Task requirements -> Collect from the data below each line with "Blue".

Dataset excerpts:
___
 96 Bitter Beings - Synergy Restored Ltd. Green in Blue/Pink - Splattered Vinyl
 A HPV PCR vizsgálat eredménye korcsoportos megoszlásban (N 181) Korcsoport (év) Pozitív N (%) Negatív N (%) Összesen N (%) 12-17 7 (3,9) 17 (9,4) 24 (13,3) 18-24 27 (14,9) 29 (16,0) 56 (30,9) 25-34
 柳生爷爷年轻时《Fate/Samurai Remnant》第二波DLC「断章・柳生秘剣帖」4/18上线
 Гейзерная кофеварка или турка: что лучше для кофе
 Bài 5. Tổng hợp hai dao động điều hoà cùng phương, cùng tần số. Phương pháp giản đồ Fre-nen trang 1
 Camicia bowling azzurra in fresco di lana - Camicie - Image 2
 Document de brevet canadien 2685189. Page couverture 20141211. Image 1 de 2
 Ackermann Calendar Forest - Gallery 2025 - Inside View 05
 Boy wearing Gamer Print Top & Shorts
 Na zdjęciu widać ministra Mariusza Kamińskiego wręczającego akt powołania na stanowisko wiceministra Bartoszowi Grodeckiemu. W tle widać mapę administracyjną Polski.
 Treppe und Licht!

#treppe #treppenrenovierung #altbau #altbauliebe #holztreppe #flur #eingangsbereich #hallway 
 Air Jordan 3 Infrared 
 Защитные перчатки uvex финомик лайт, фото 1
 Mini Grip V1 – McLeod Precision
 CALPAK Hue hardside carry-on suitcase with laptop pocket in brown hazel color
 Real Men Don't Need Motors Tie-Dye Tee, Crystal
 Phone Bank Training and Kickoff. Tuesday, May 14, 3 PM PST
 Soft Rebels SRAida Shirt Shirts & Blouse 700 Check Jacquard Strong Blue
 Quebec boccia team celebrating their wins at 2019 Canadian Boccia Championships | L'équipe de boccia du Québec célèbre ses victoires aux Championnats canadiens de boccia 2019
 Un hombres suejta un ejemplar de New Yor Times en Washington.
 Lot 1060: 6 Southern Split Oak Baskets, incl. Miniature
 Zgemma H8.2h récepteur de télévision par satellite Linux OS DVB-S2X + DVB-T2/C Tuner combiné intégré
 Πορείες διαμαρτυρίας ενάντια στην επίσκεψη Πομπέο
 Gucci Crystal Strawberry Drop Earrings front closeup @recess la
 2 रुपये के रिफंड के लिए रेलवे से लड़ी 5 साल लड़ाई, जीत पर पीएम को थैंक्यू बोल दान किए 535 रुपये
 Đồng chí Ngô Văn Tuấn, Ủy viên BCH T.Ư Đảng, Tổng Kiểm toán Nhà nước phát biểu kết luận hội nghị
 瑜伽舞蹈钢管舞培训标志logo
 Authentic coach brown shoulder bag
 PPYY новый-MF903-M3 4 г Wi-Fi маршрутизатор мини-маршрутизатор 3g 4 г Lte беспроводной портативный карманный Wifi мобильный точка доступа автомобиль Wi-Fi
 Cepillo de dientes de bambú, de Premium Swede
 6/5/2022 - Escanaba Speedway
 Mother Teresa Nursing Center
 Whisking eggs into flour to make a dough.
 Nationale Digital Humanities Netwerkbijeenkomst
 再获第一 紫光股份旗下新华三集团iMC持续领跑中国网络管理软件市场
___
Answer for this exercise ->
 96 Bitter Beings - Synergy Restored Ltd. Green in Blue/Pink - Splattered Vinyl
 Soft Rebels SRAida Shirt Shirts & Blouse 700 Check Jacquard Strong Blue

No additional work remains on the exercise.